• Work required
Write out exactly, with both ends included, the lines that run from the line containing "GXLU Plus Size Short Sleeve Striped T Shirt" to the end of the entries. Pictures are not part of the answer.

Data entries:

________

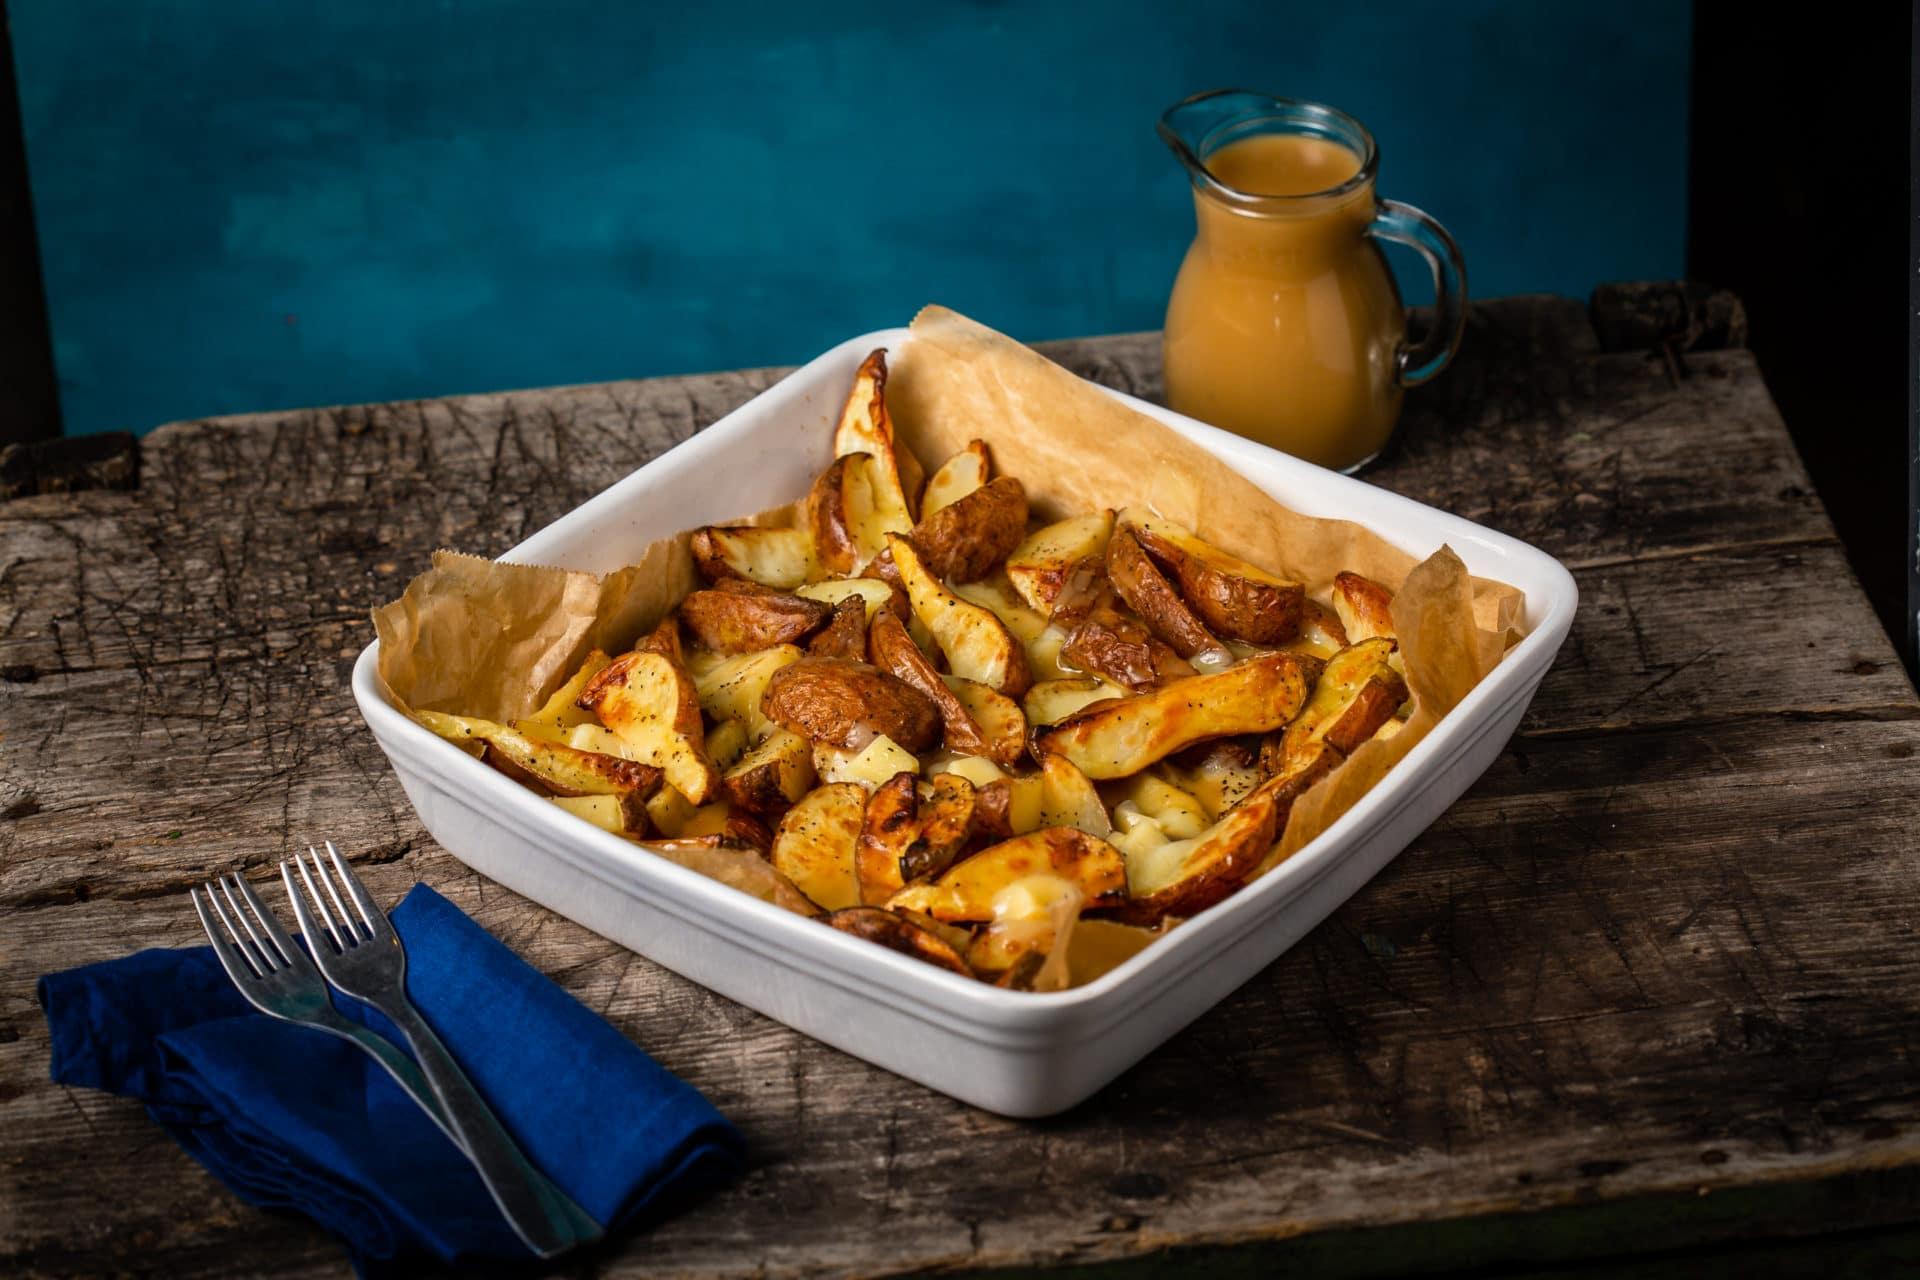 poutine kanadai sültkrumpli
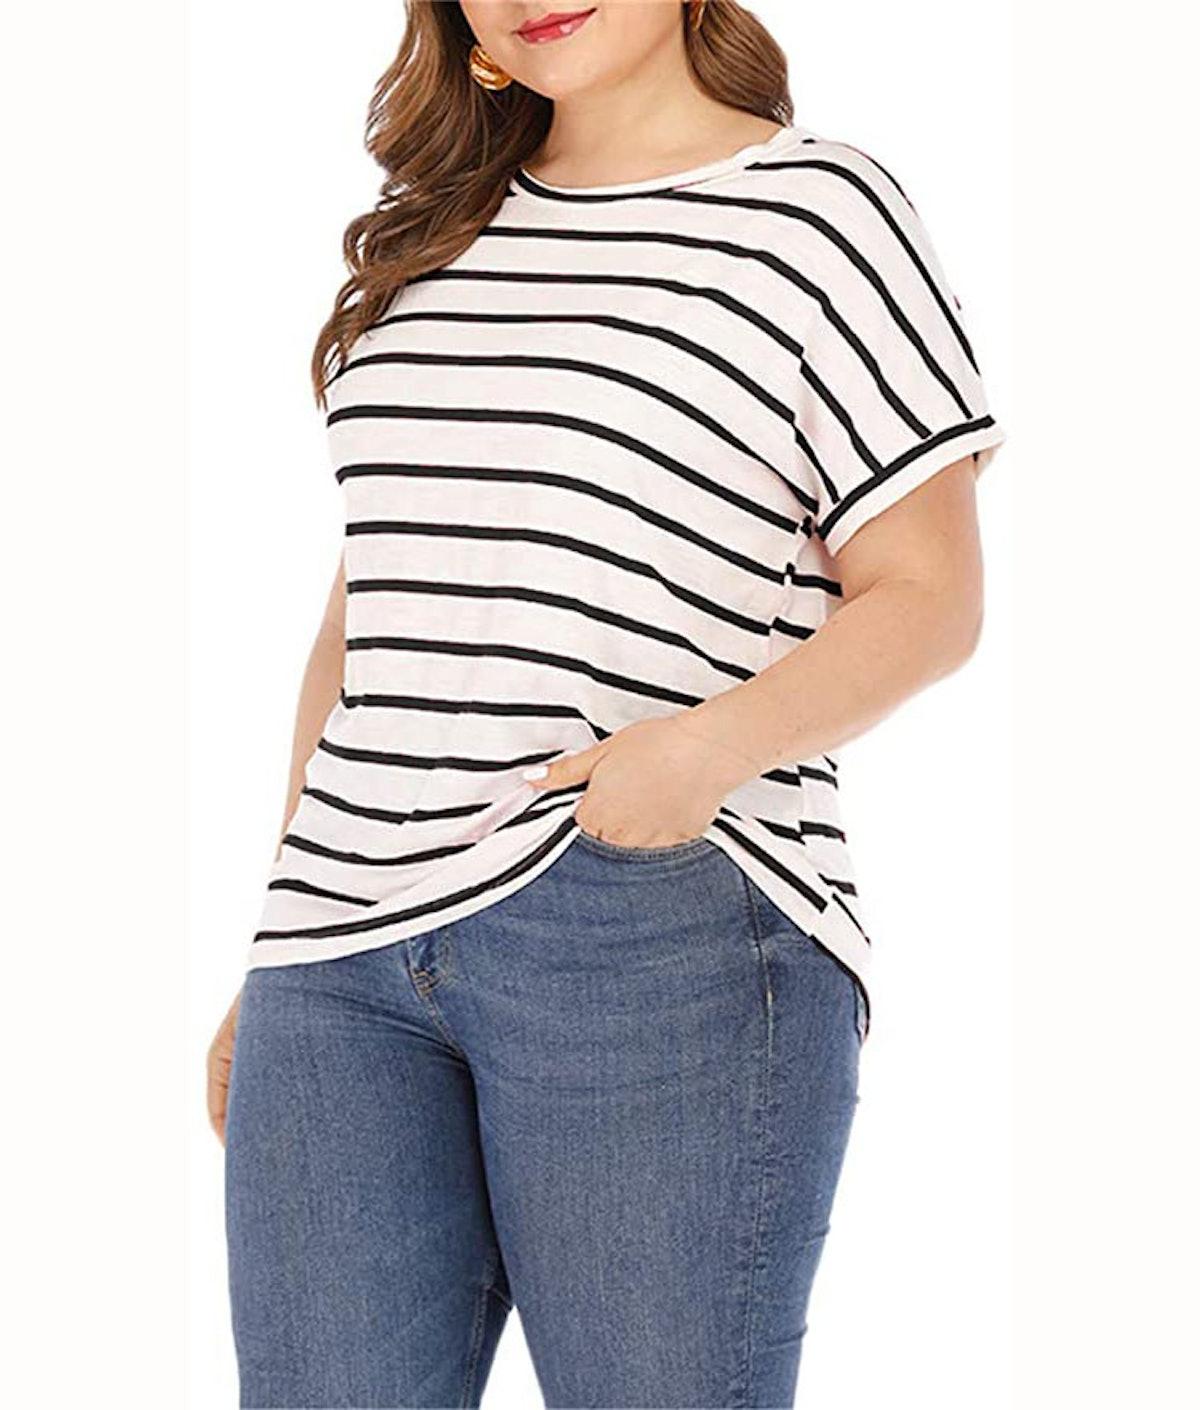 GXLU Plus Size Short Sleeve Striped T Shirt
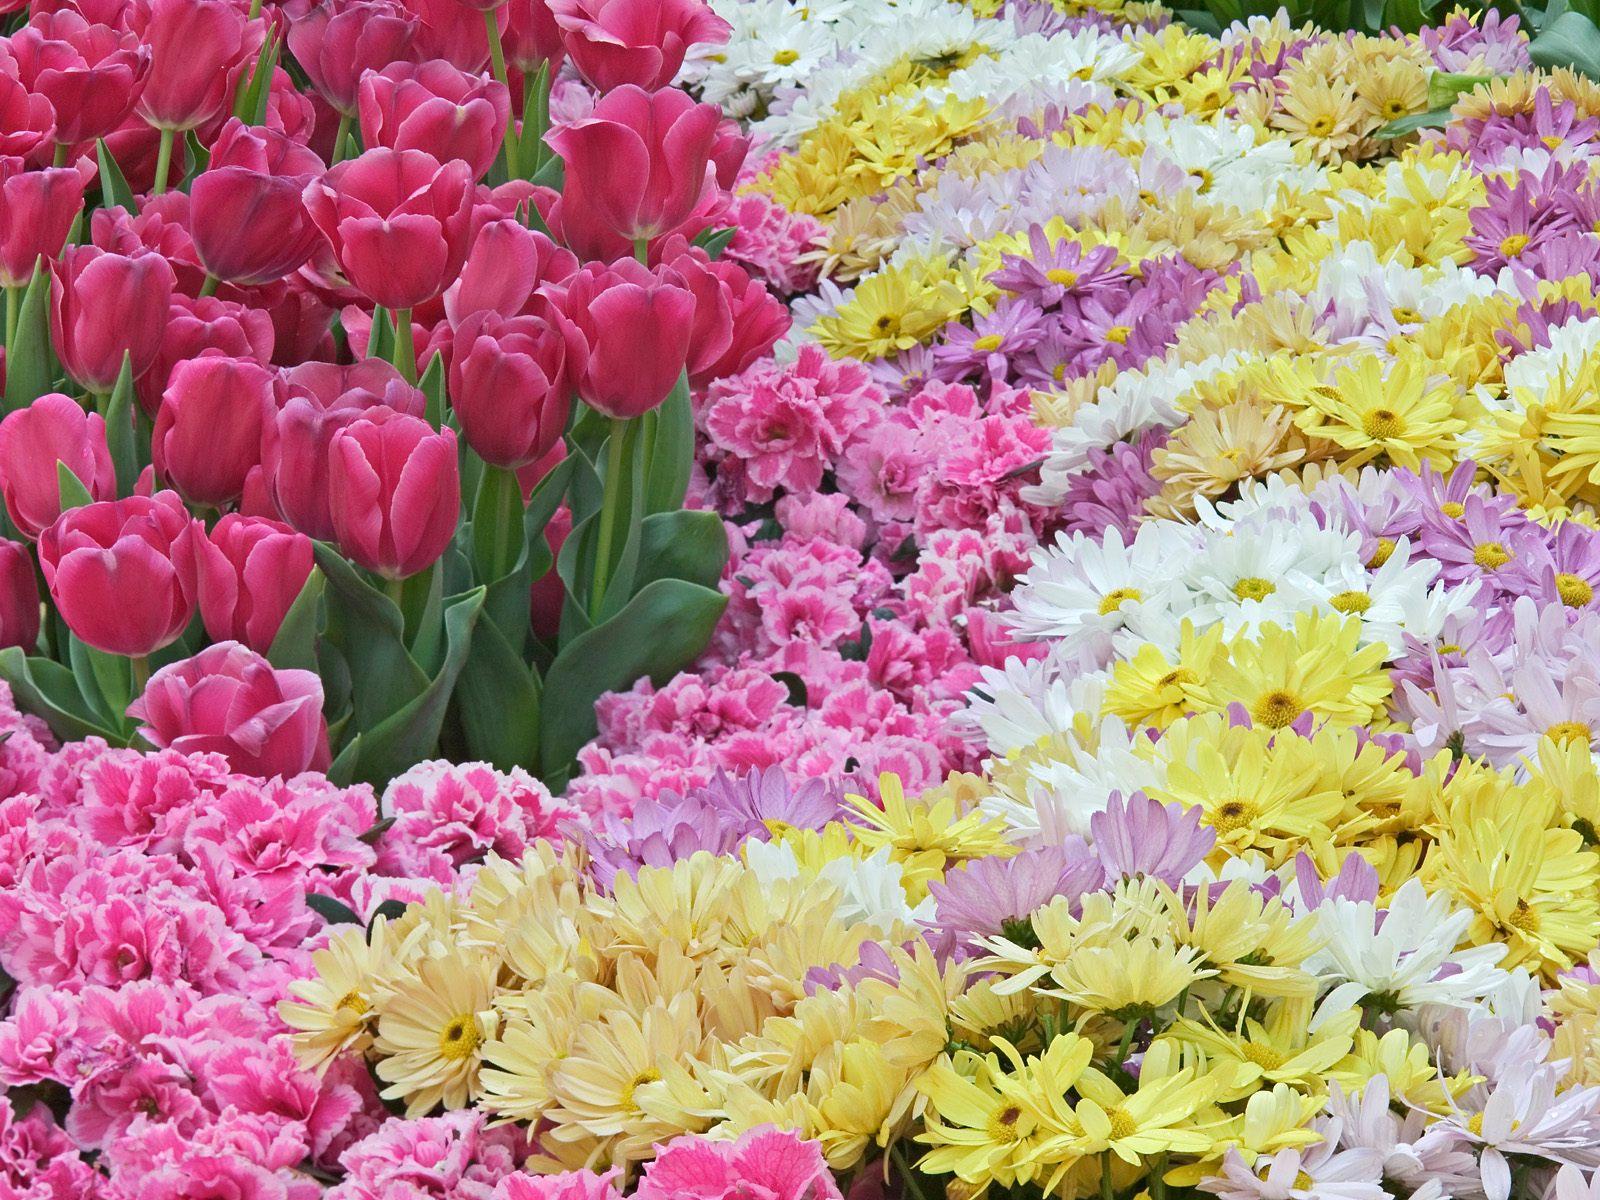 Natural flower wallpaper top hd wallpapers - Nature flower hd wallpaper download ...
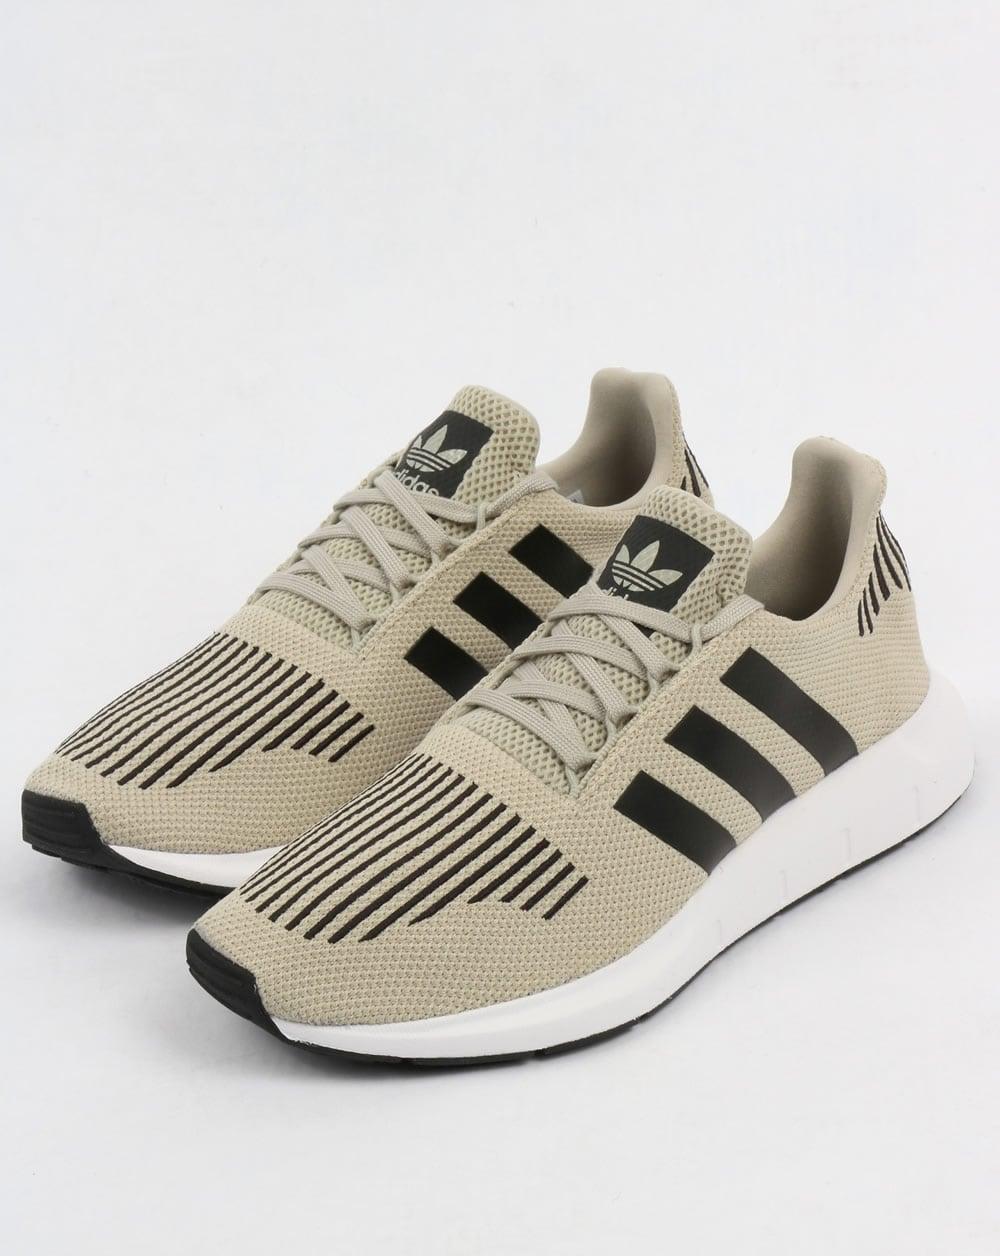 Adidas Swift Run Trainers Sesame/Black
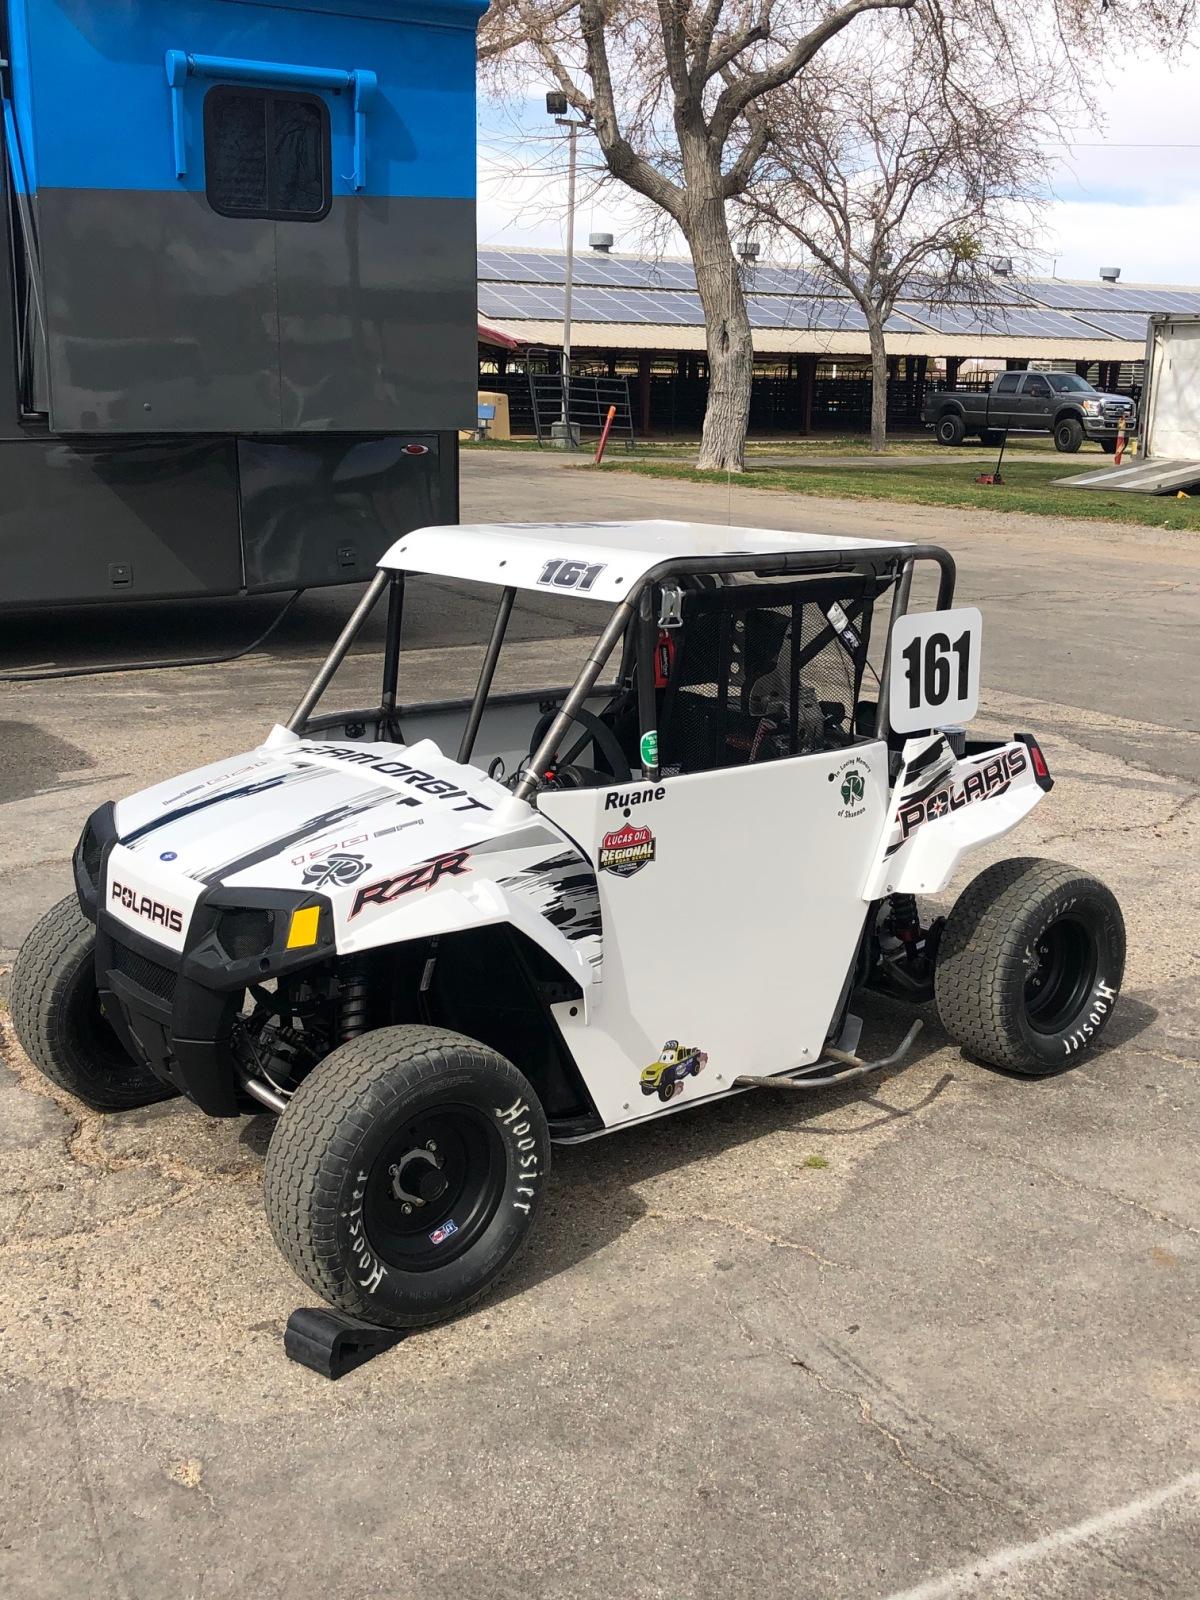 For Sale: 2020 Polaris Rzr 170 Race Ready - photo0

________

• Solved exercise
 GXLU Plus Size Short Sleeve Striped T Shirt
 Natural flower wallpaper top hd wallpapers - Nature flower hd wallpaper download ...
 Adidas Swift Run Trainers Sesame/Black
 For Sale: 2020 Polaris Rzr 170 Race Ready - photo0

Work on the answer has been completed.